Forum Moderators: open
At the same time the above user agent was crawling my sites, Python-urllib/2.4 was crawling my sites from the same IP Address.
gw26.jscc.ru - - [20/Jul/2006:03:43:19 -0700] "GET /dir/file.html HTTP/1.1" 403 815 "-"

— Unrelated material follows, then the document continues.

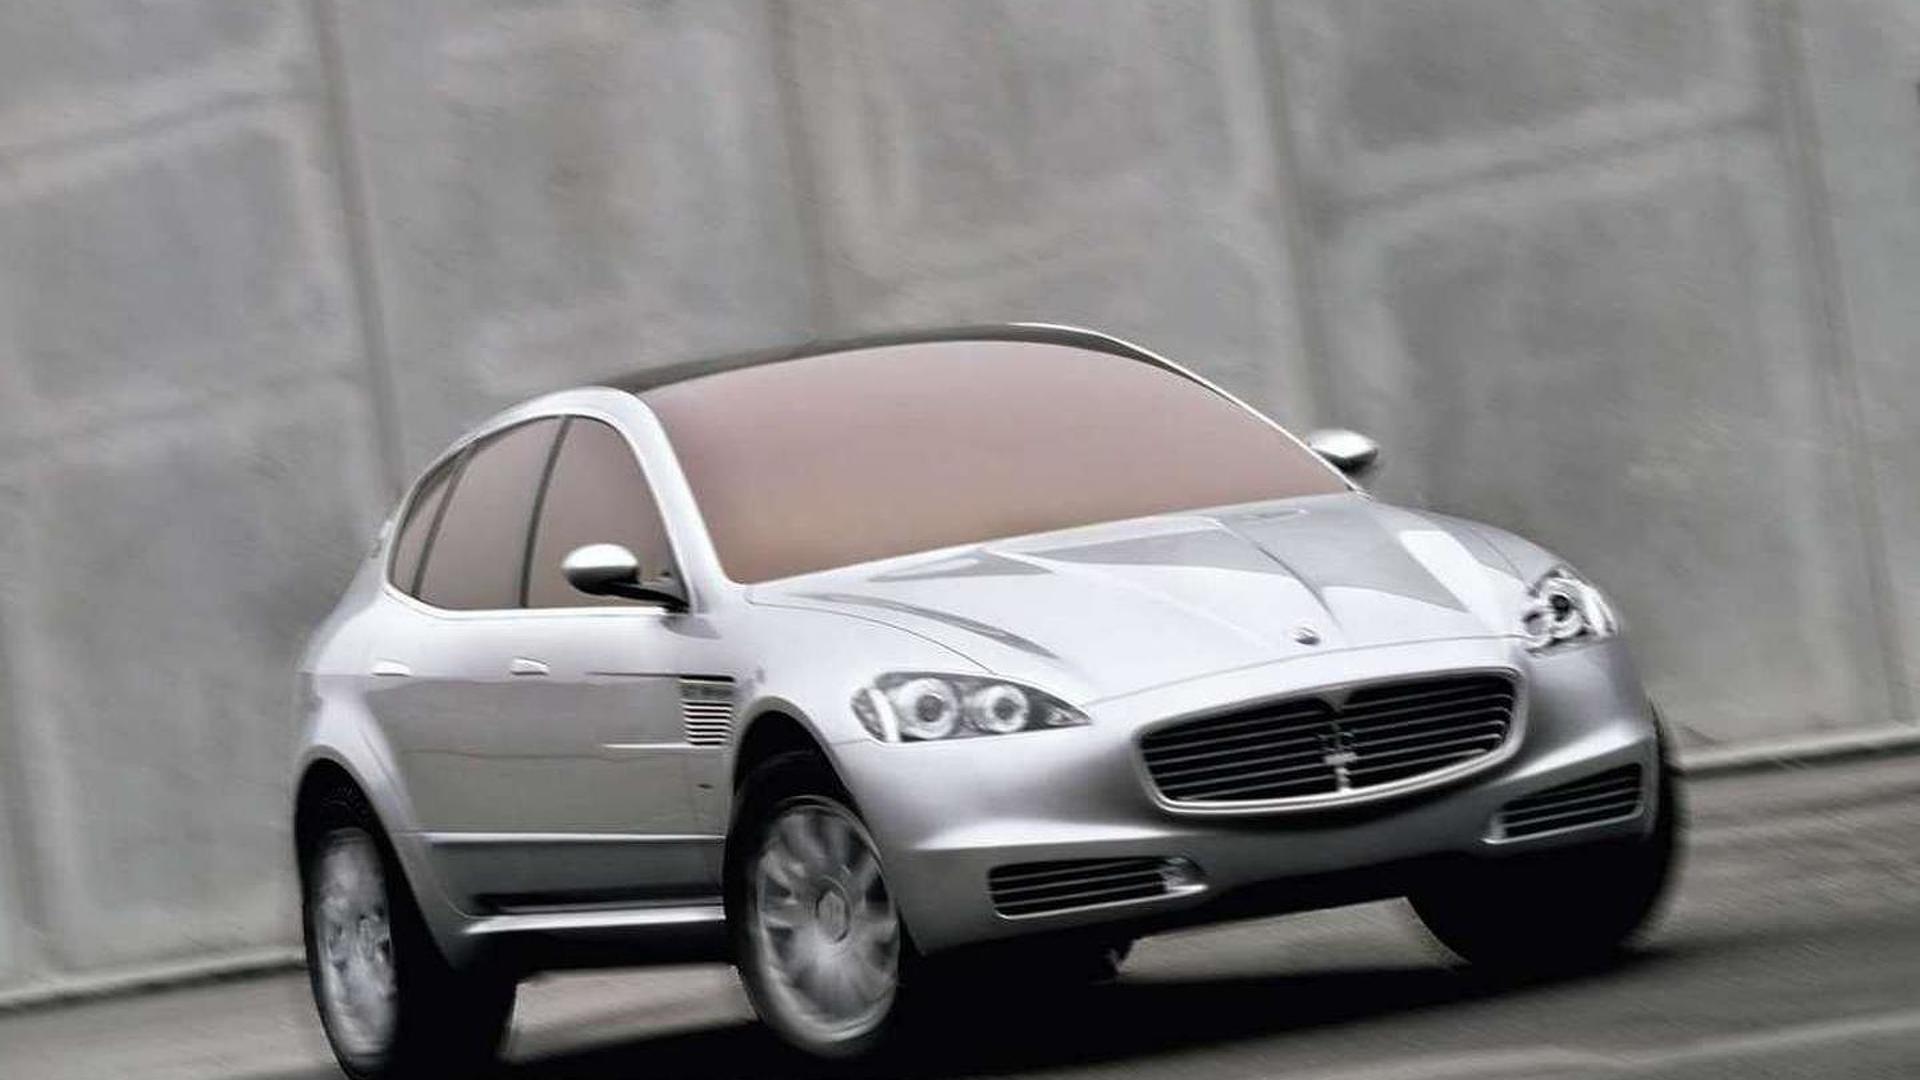 https://icdn-0.motor1.com/images/mgl/Ew0nz/s1/2010-215509-maserati-kubang-gt-wagon-concept-20031.jpg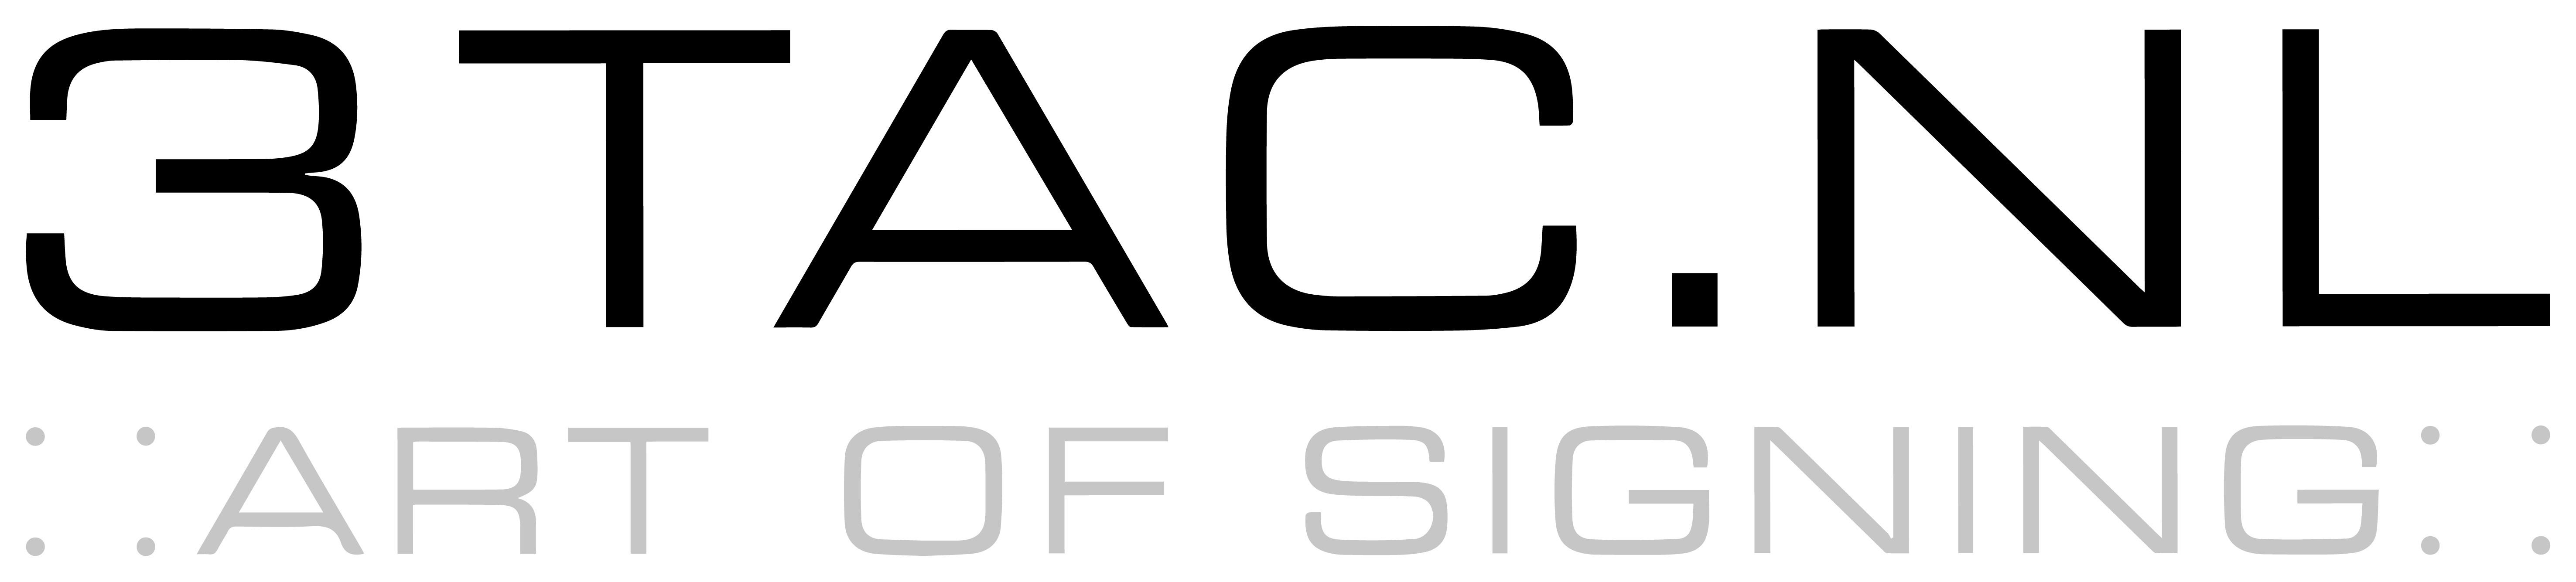 3 TAC logo Tekengebied 1

"Crawler/1.0+http://elibron.com"
gw25.jscc.ru - - [20/Jul/2006:22:27:45 -0700] "GET / HTTP/1.1" 403 815 "-"
"Crawler/1.0+http://elibron.com"
83.149.215.35 - - [21/Jul/2006:05:07:10 -0700] "GET /dir2/ HTTP/1.1" 403 - "-"
"Crawler/1.0+http://elibron.com"
Excellent cross-spotting re the Python connection, Gary!
gw26.jscc.ru - - [20/Jul/2006:03:43:18 -0700] "GET /robots.txt HTTP/1.1" 403 815 "-"
"Python-urllib/2.4"
gw25.jscc.ru - - [20/Jul/2006:22:27:44 -0700] "GET /robots.txt HTTP/1.1" 403 815 "-"
"Python-urllib/2.4"
83.149.215.35 - - [21/Jul/2006:05:07:10 -0700] "GET /robots.txt HTTP/1.1" 403 815 "-"
"Python-urllib/2.4"
What a wonky way to do things. Or dumb like a fox -- if Python gets 403'd, Crawler sails on in...
-----
Btw, "Elibron.com" didn't answer the door but Domain-t-o-o-l-s says it says:
"Offers books in different languages, as well as music scores, visual art works, and historic photographs."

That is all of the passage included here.